(Data for processing Opens)

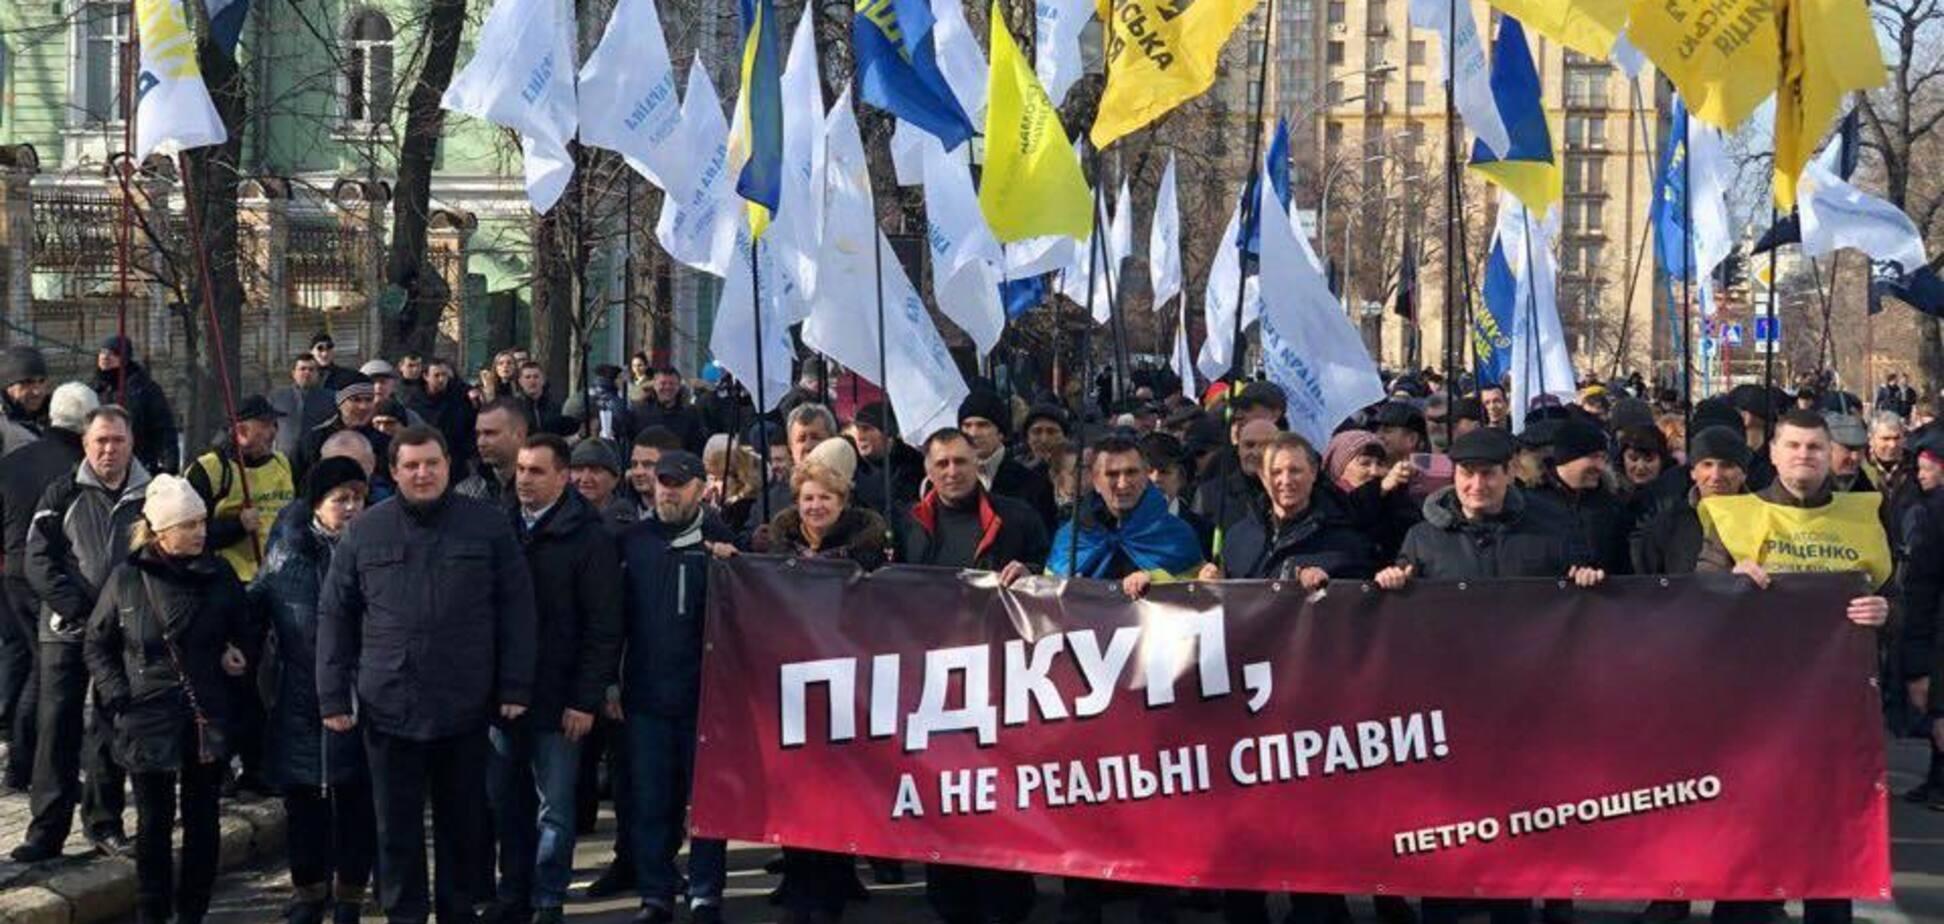 Сторонники Гриценко нагрянули на Банковую и обвинили Порошенко в подкупе избирателей
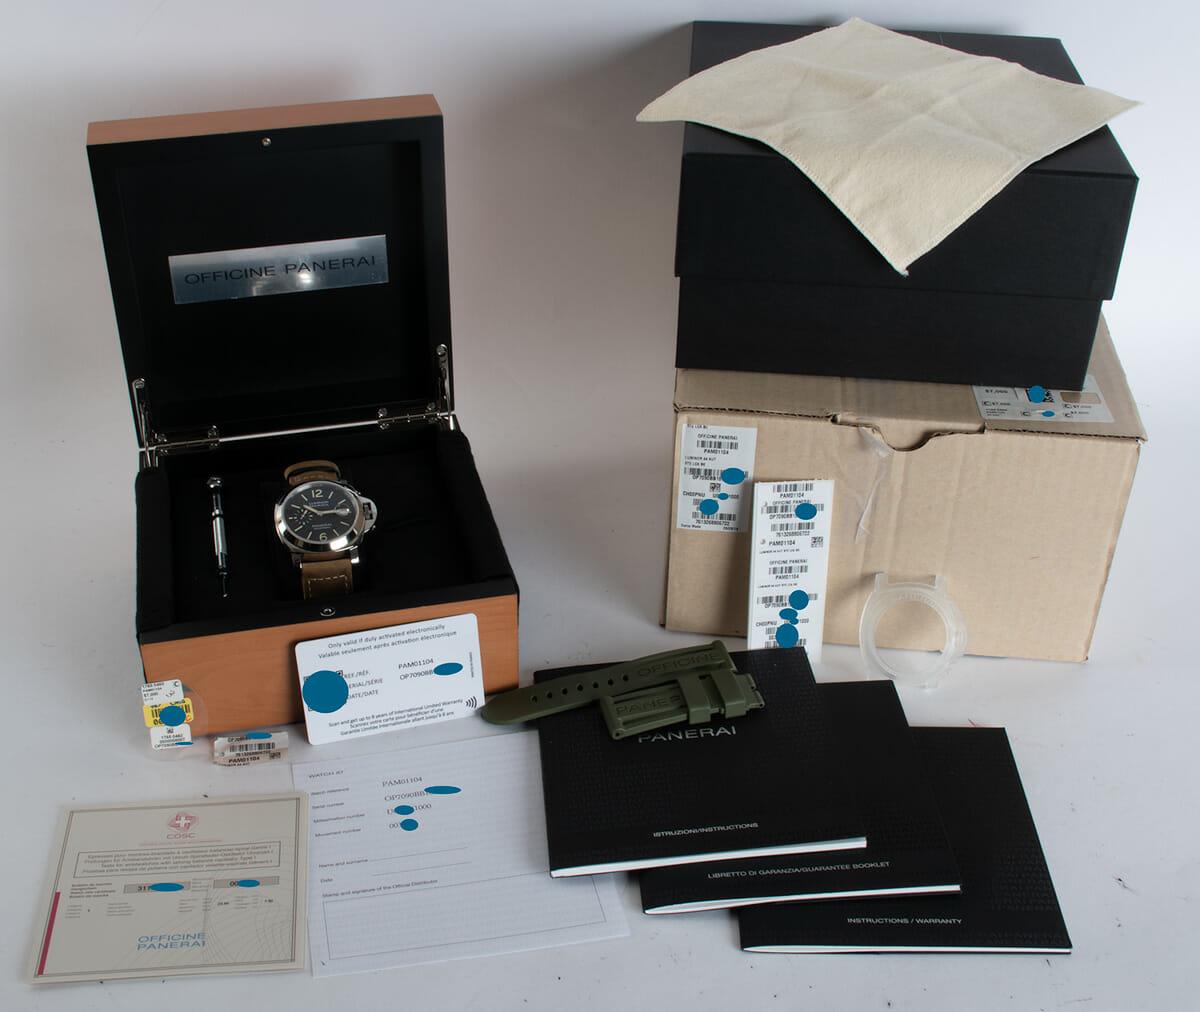 Box / Paper shot of Luminor Marina
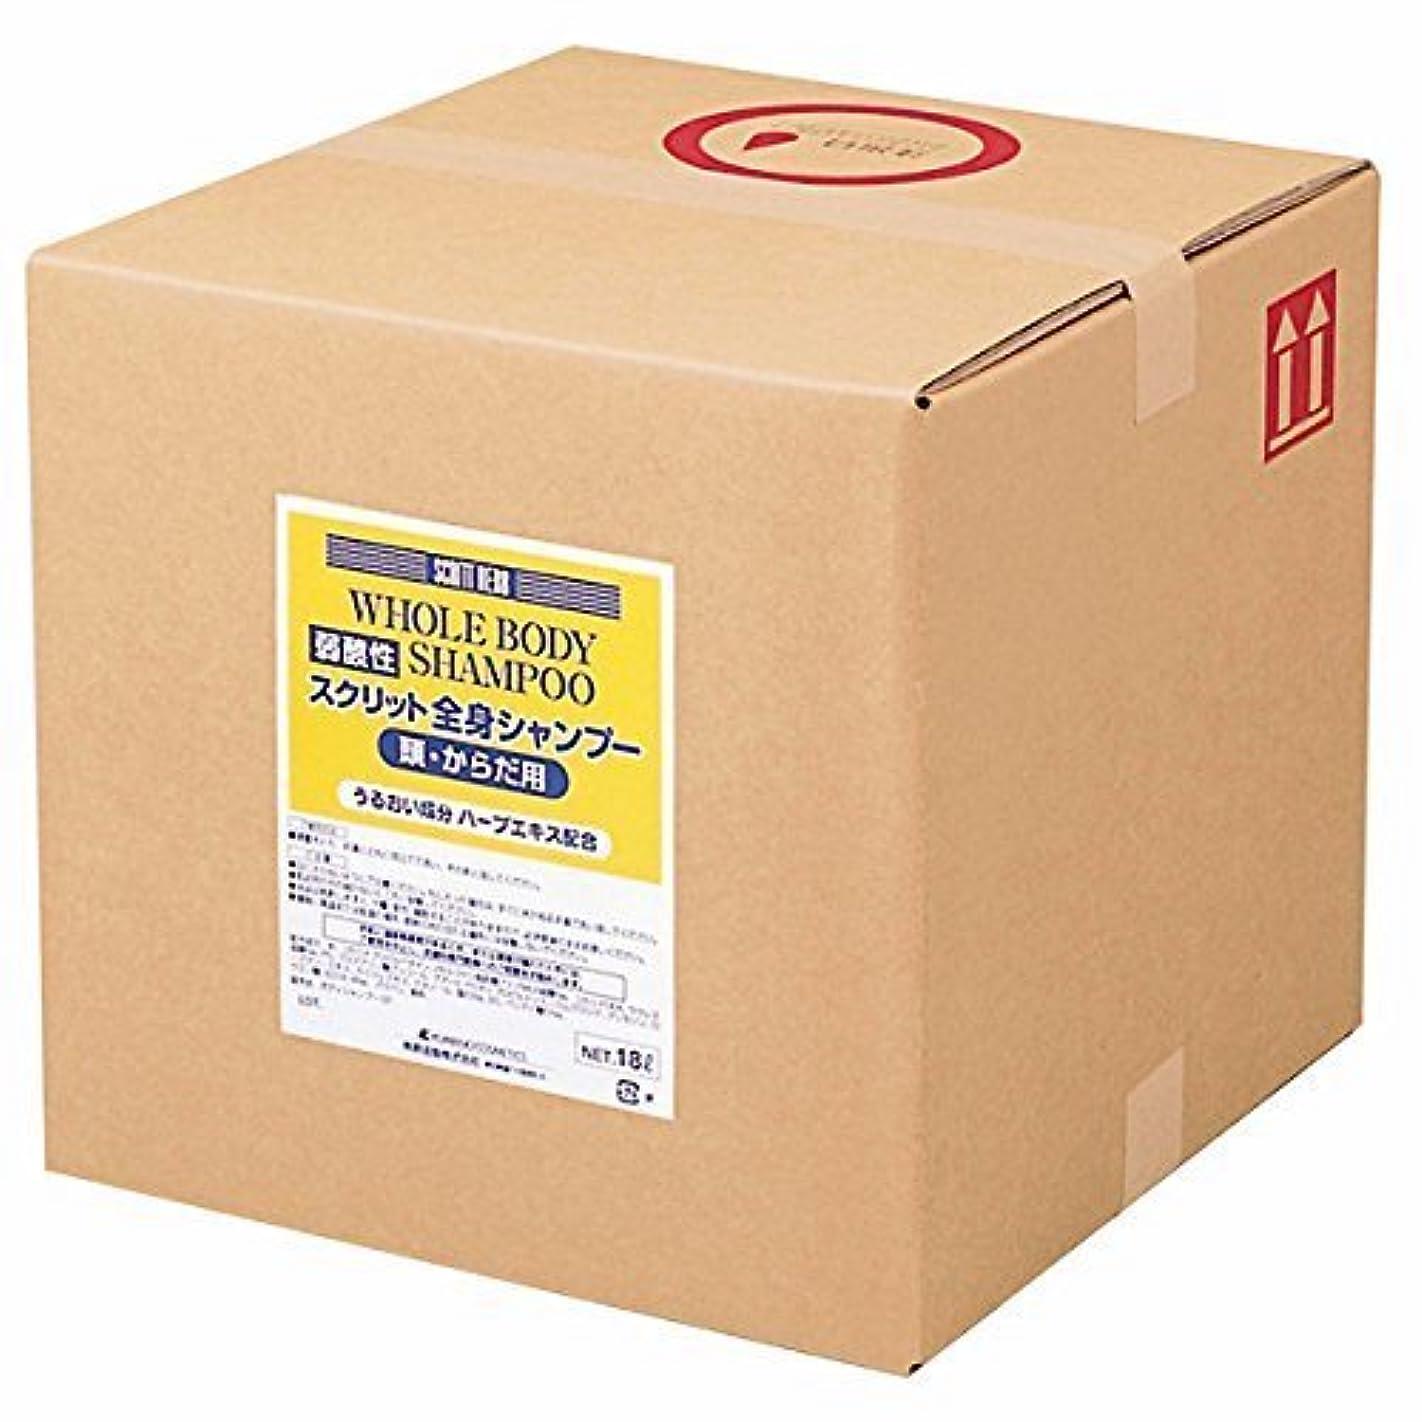 クリップ蝶食事を調理する設置業務用 SCRITT(スクリット) 全身シャンプー 18L 熊野油脂 (コック付き)
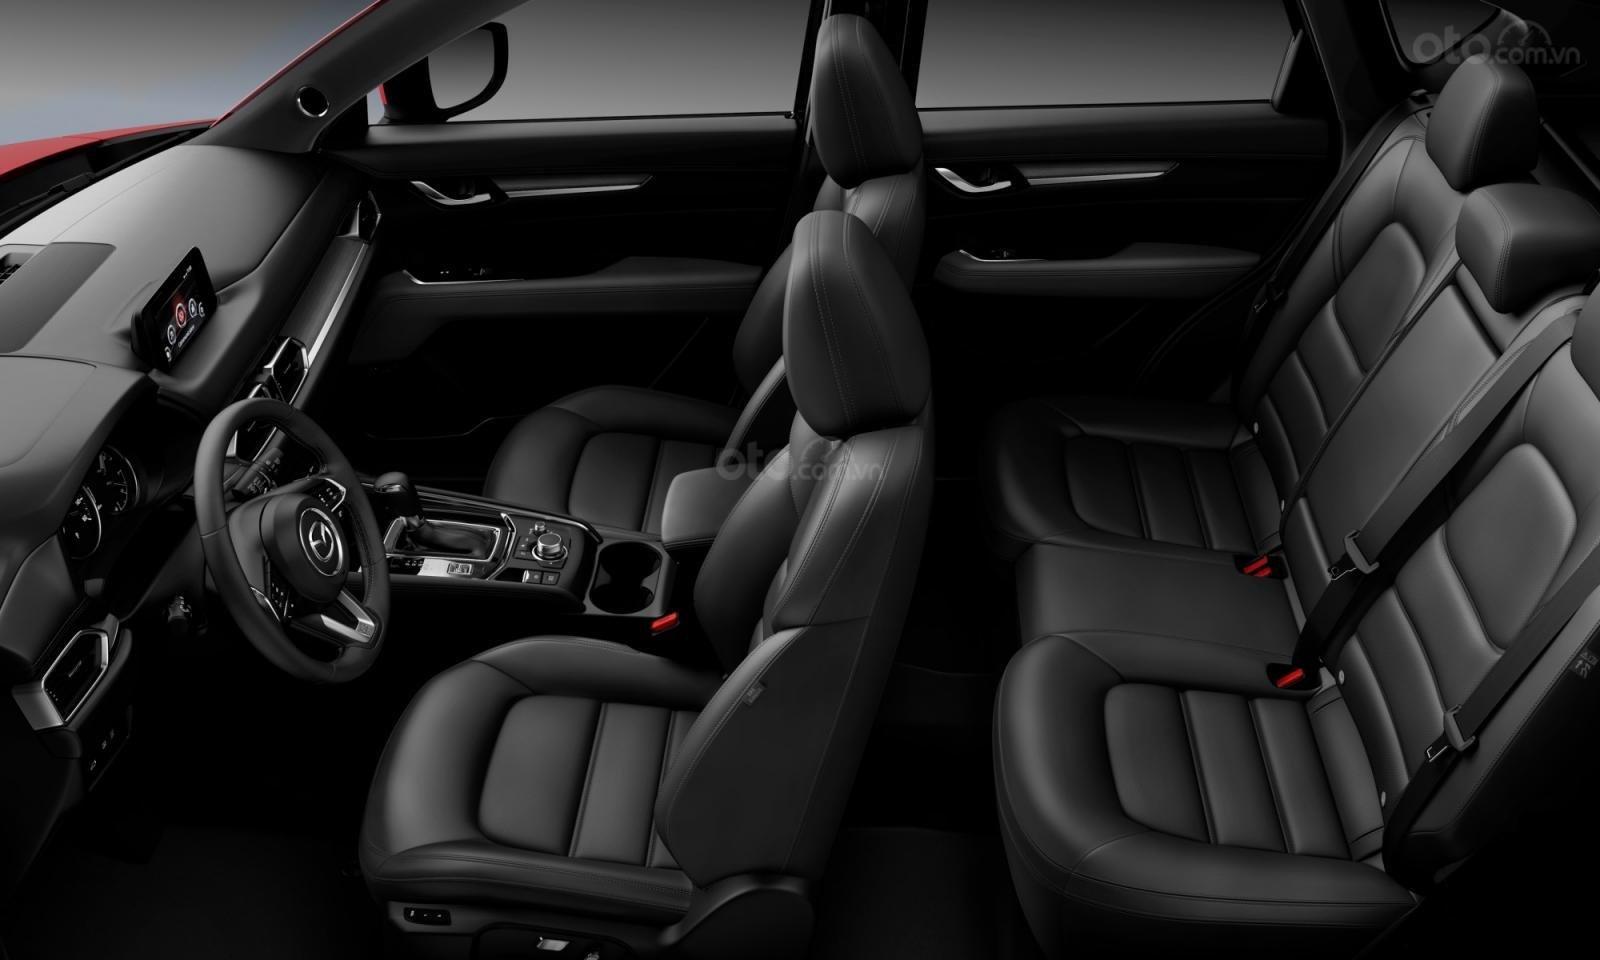 Mazda Phú Mỹ Hưng - New Mazda CX 5 2.0 Deluxe 2020, giá 844 triệu và ưu đãi tháng 03 (7)
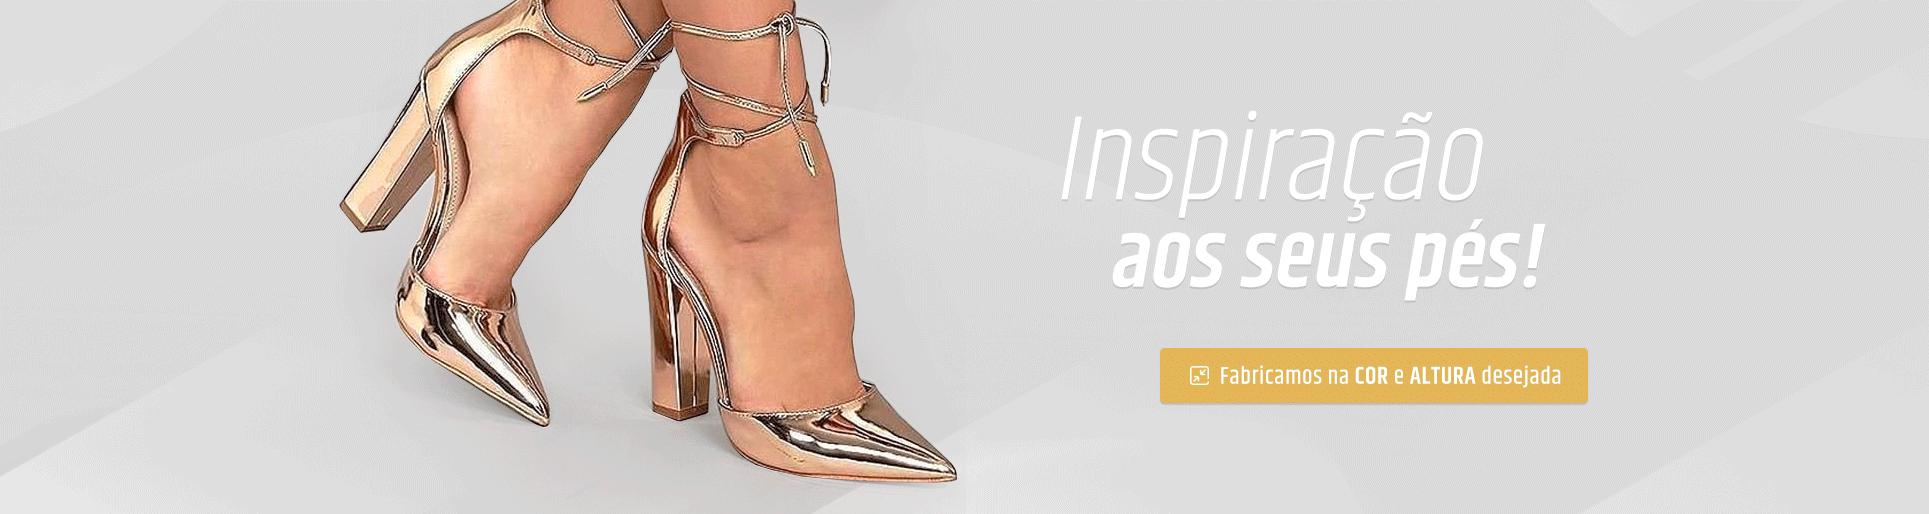 Inspiração aos seus pés!

(Data for processing Closes)

Please write out the lines above exactly, from the one that contains "Mazda Phú Mỹ" through the final line, and include none of the pictures.

 Mazda Phú Mỹ Hưng - New Mazda CX 5 2.0 Deluxe 2020, giá 844 triệu và ưu đãi tháng 03 (7)
 Inspiração aos seus pés!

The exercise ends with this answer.